A Universal Thick Anode for Aqueous and Seawater Energy Storage Devices

Abstract

Aqueous and seawater energy storage devices hold great potential for electrical grids application due to safety, affordability, and sustainability. However, their broader deployment has been constrained by the absence of a durable thick anode. Here, the first universal thick anode operating stably across 15 simple-ion and 3 complex-ion systems, including nonmetallic (H+, NH4+), monovalent (Li+, Na+, K+), multivalent ions (Zn2+, Ca2+, Mg2+, Al3+), and seawater ions (>5 cations) is reported. Composed of polymer nanosheets and carbon nanotubes, this anode supports thick electrode fabrication (e.g., 100 mg cm−2 and 1 mm) with low porosity/tortuosity, superior electrical conductivity, mechanical robustness, and chemical stability. Consequently, it achieves exceptionable cycle life (up to 380 000 cycles) in supercapacitors and ultrahigh areal capacities (6.5 mAh cm−2) in batteries, even under practical/extreme conditions, attributed to the formation of a water-scarce, cation-rich electrical double-layer structure, as revealed by simulations.
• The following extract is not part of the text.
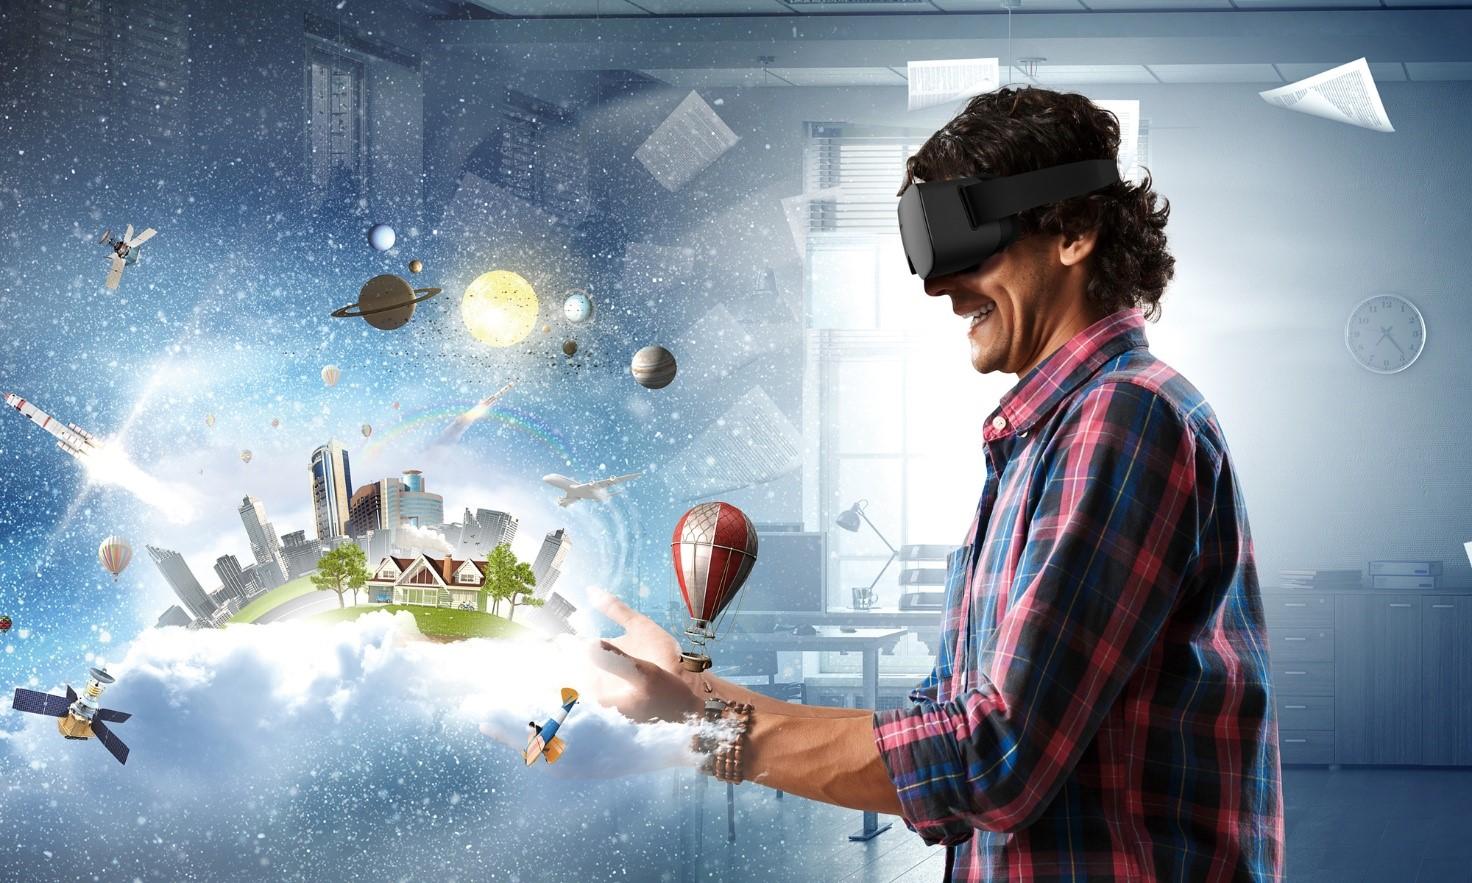 重量不到300g,歌尔联合Kopin发布最轻VR参考方案

Compatible with sea salt-based electrolytes and paired with a metal-free cathode, the anode enables seawater batteries with thousands-cycle life and high energy/power density. Of universal ion storage, ultrahigh-loading capability, unlimited resources, and cost-effectiveness, this polymer electrode is promising for practical aqueous (seawater) energy devices.